▶ PROMPT: Print the listing below exactly, images excluded.

▶ THE DATA:

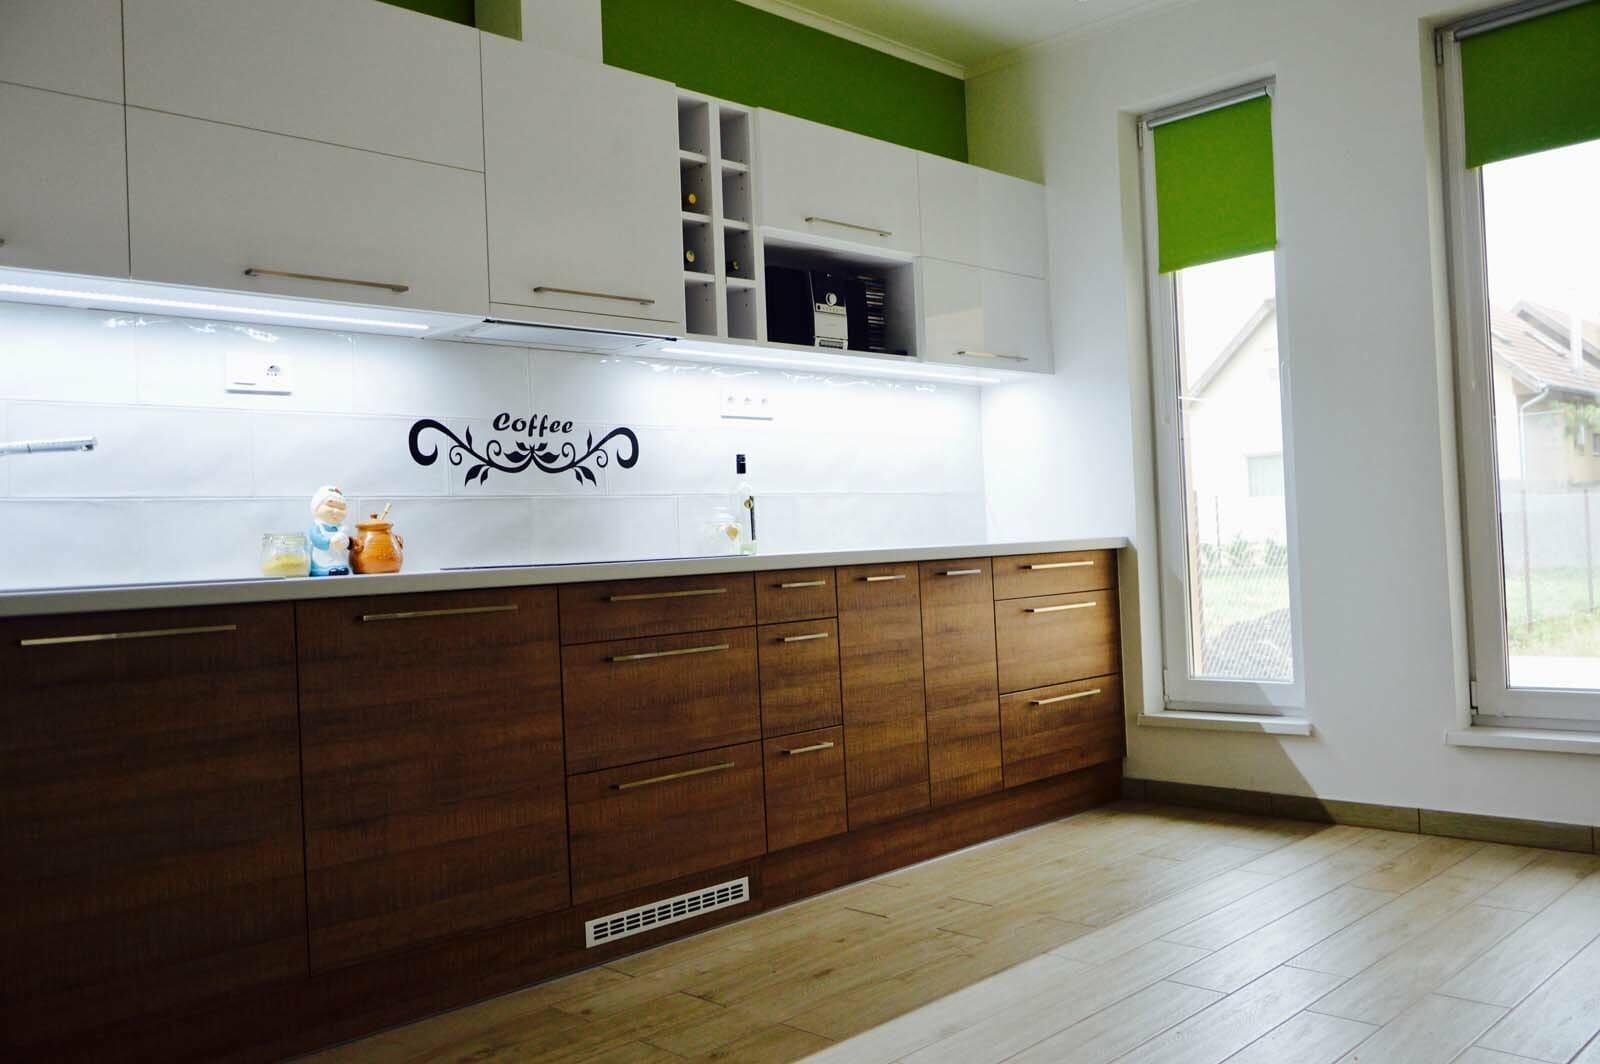 Egyedi konyhabútor készítés magasfenyű akril felső elemekkel, fa alsó elemekkel, rejtett LED világítással, blum tandem fiókokkal
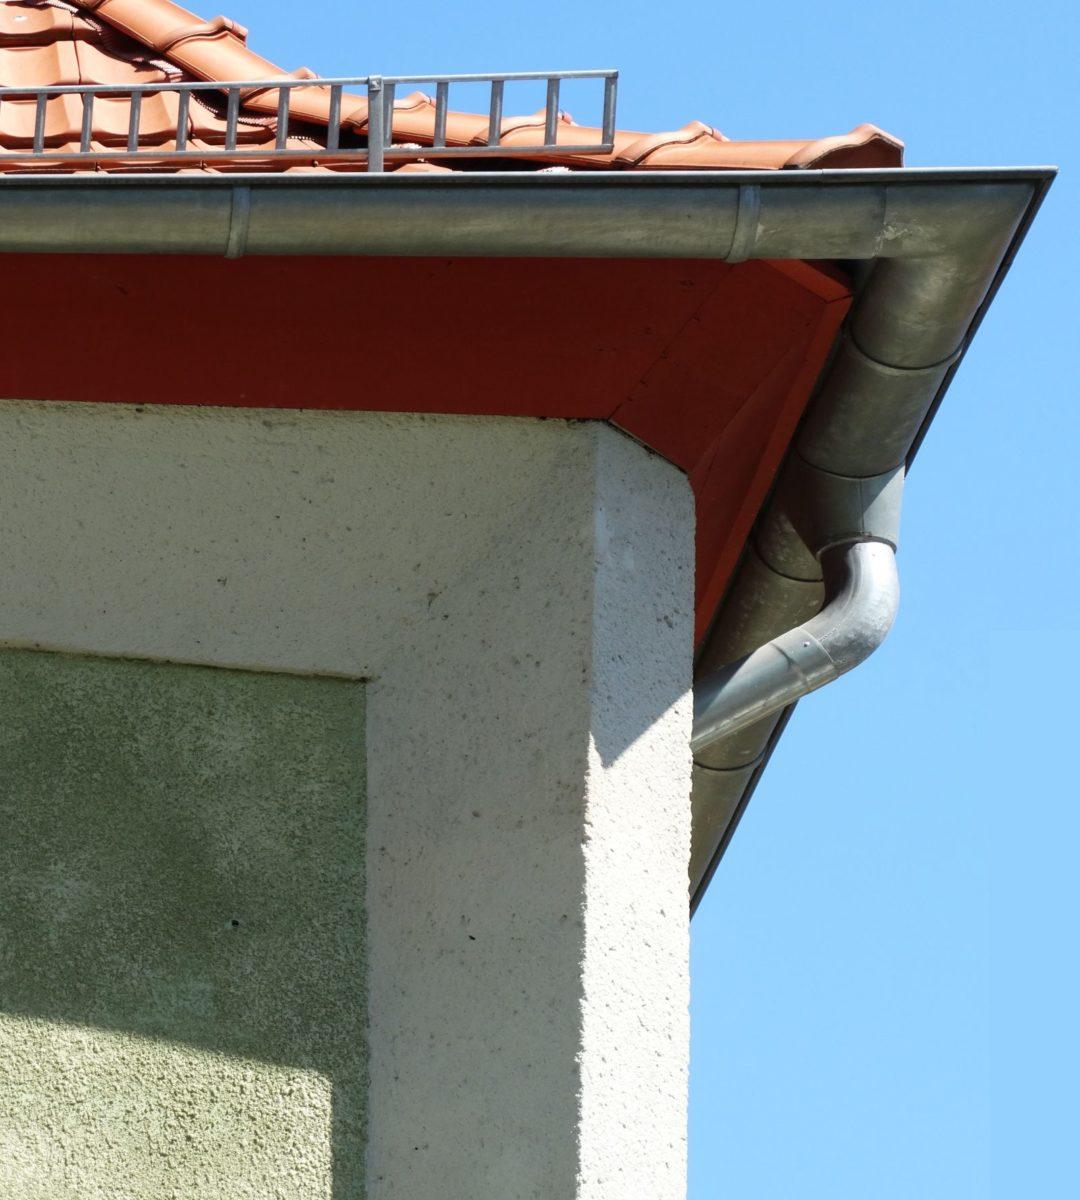 https://brandschutzplus.de/wp-content/uploads/2021/01/dachdetail1600_Kubistisches-Haus-in-der-Waldstrasse-Berlin-Johannisthal-Detail-Foto-Reinhard-Eberl-Pacan.jpg
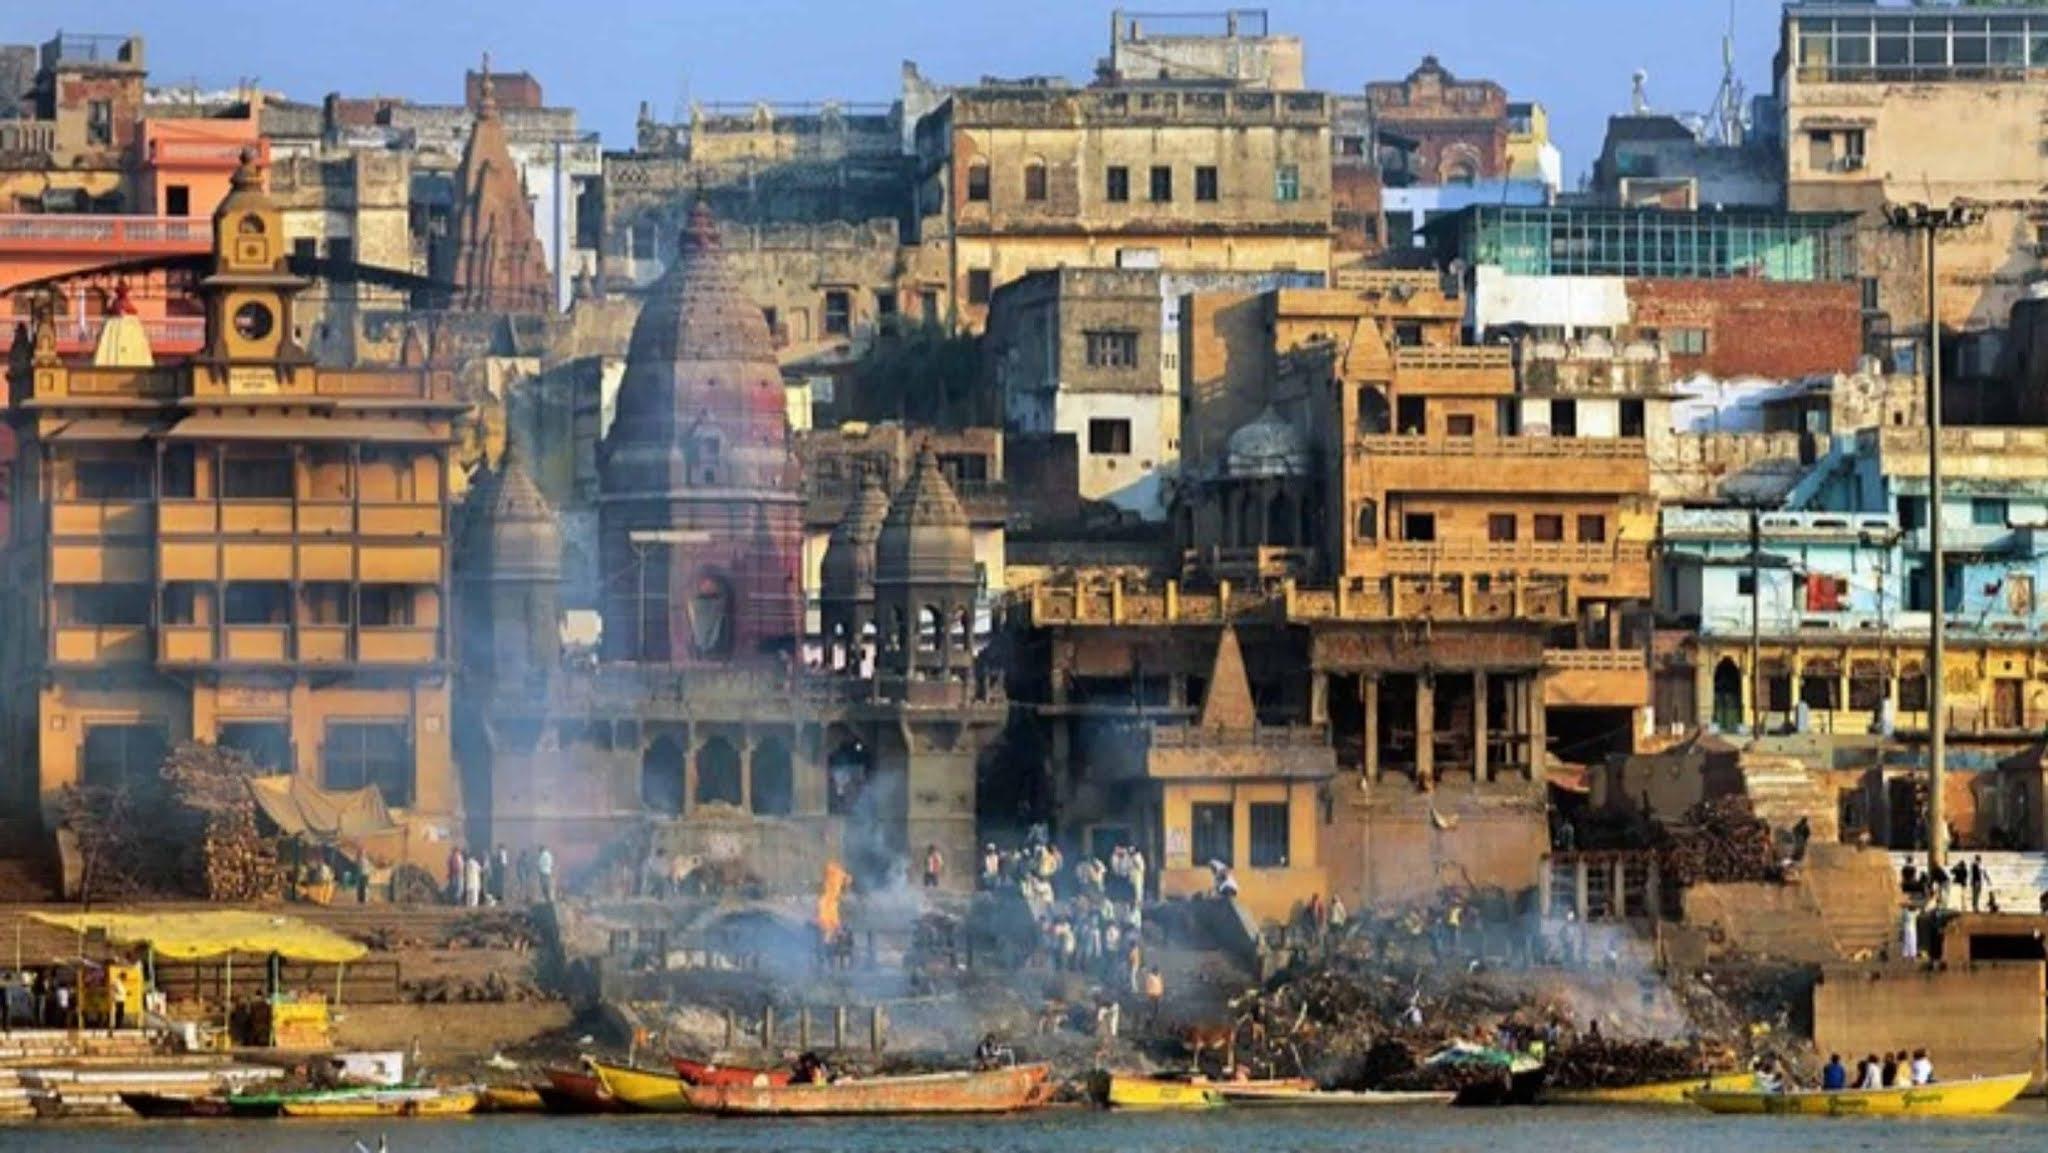 Manikarnika Ghat kashi vishvanath

▶ SOLUTION TO THIS TASK:
 Egyedi konyhabútor készítés magasfenyű akril felső elemekkel, fa alsó elemekkel, rejtett LED világítással, blum tandem fiókokkal
 https://brandschutzplus.de/wp-content/uploads/2021/01/dachdetail1600_Kubistisches-Haus-in-der-Waldstrasse-Berlin-Johannisthal-Detail-Foto-Reinhard-Eberl-Pacan.jpg
 Manikarnika Ghat kashi vishvanath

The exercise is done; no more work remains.